La fontaine du Couronnement, 1952, Welwyn Grden City | Brockswood via Getty Images


L’utopie et la nature, une histoire mouvante

L’utopie moderne se définit d’abord comme un projet de transformation du monde, fondé en partie sur la domination de la nature. Dès Thomas More, elle implique un acte de rupture - la création d’une île artificielle - marquant la victoire de la volonté humaine sur le « chaos » originel. Cette logique se prolonge jusqu’au XVIIe siècle, période durant laquelle la nature est façonnée et disciplinée au profit de l’ordre géométrique et rationnel. Avec les Lumières et la révolution scientifique, le jardin à l'anglaise représente une forme de nature sauvage mais maîtrisée, cadre parfait d'une utopie morale.

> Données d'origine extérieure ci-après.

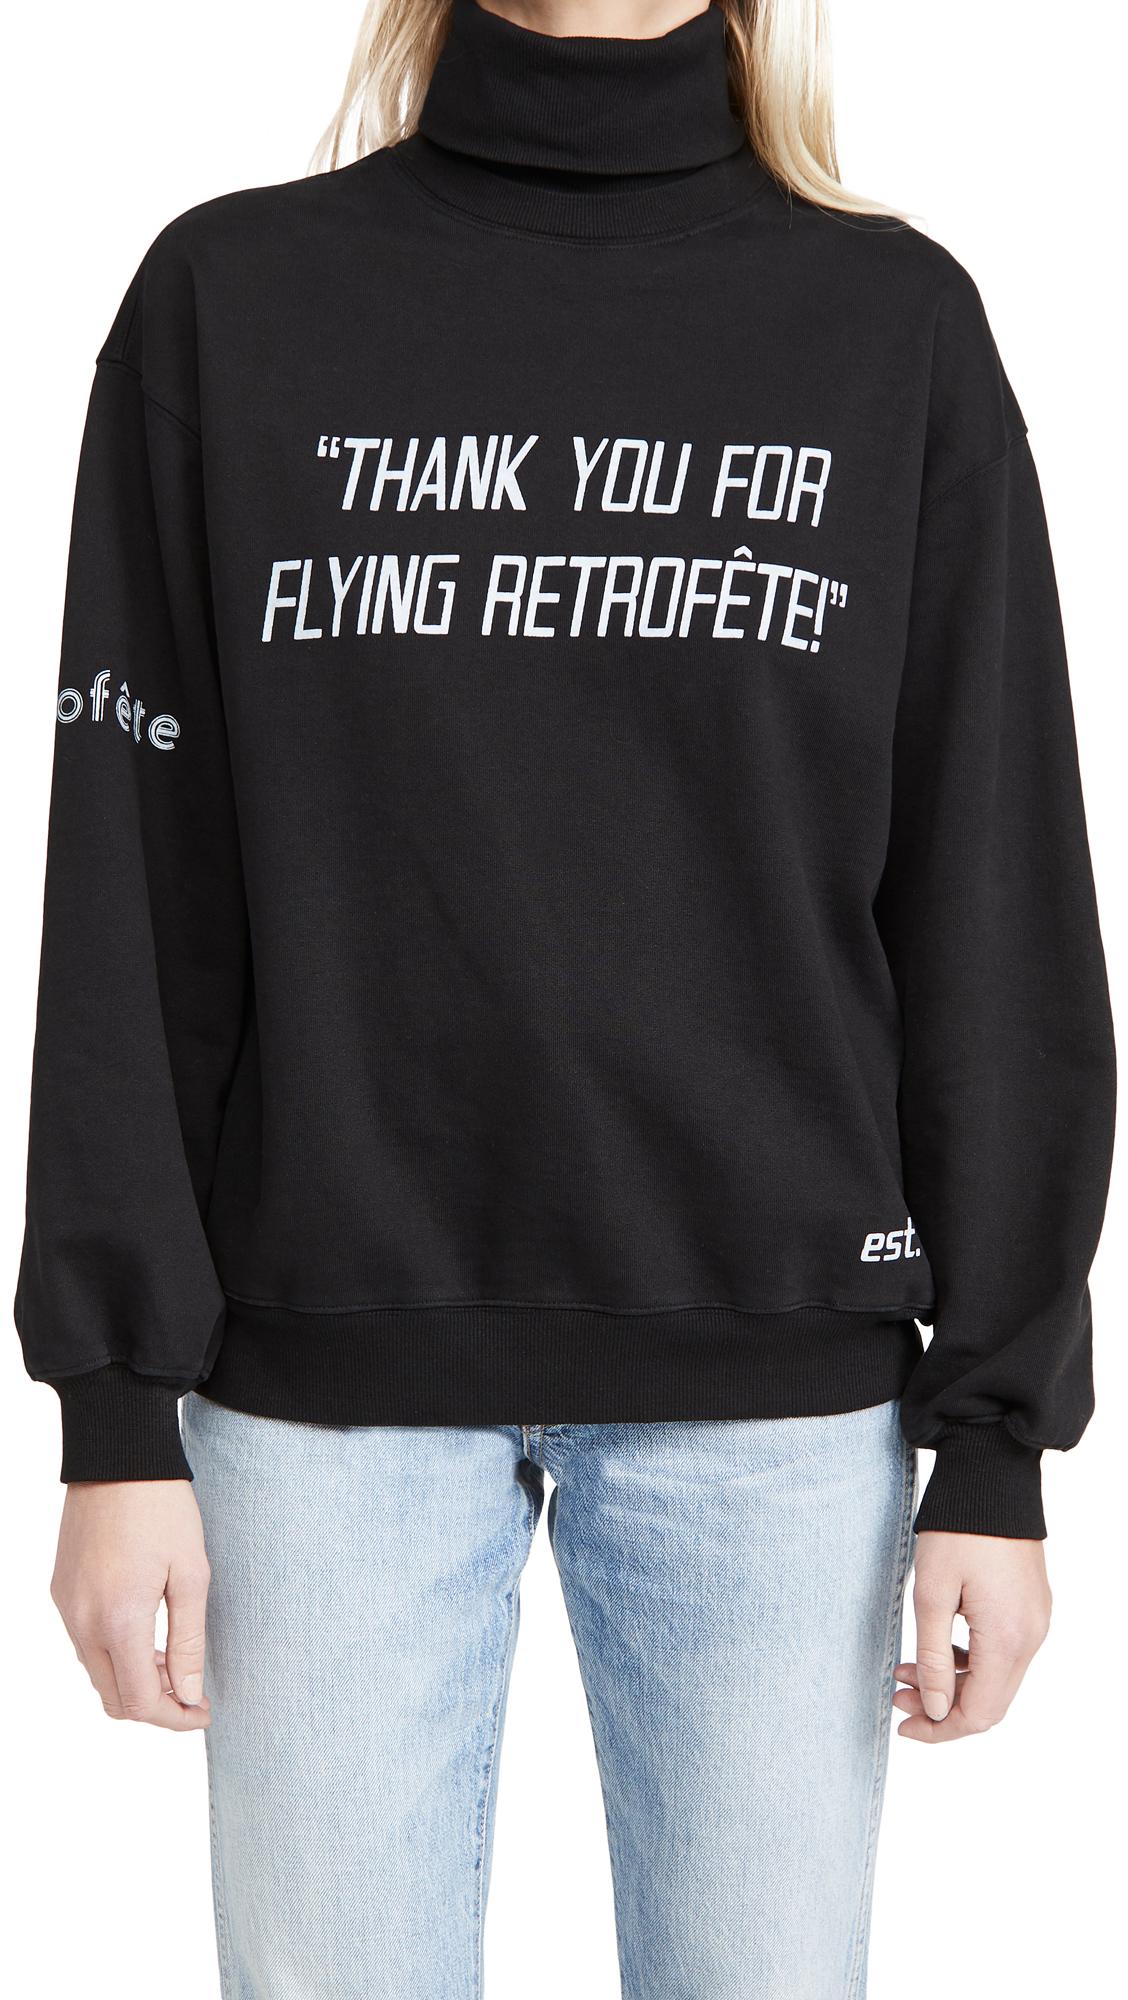 Retrofete Flying Over Sweatshirt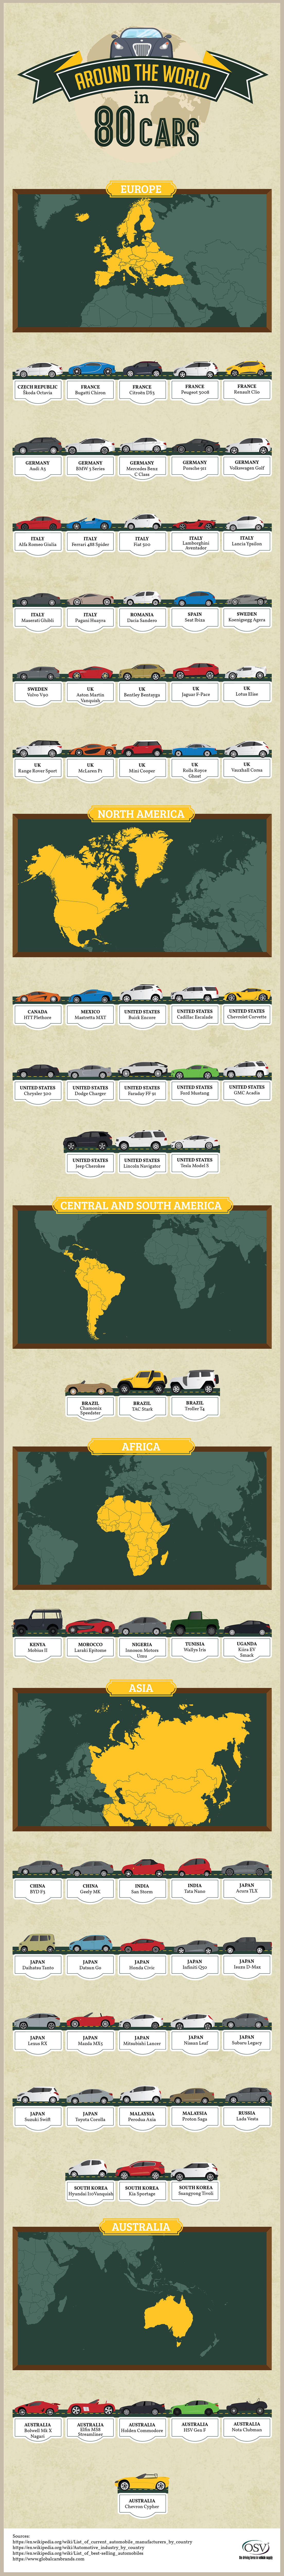 cars, car models, international, infographic

Mais au XXe siècle, face à la montée des totalitarismes et aux innovations industrielles, la place de la nature est sujette à débat, et l'utopie se fracture : aux projections technicistes (qui placent la technologie et le contrôle de l'environnement comme solution privilégiée de création d'une société parfaite) s’opposent des idéaux de retour à une nature inviolée, manière de protéger la société face aux dangers de la modernité.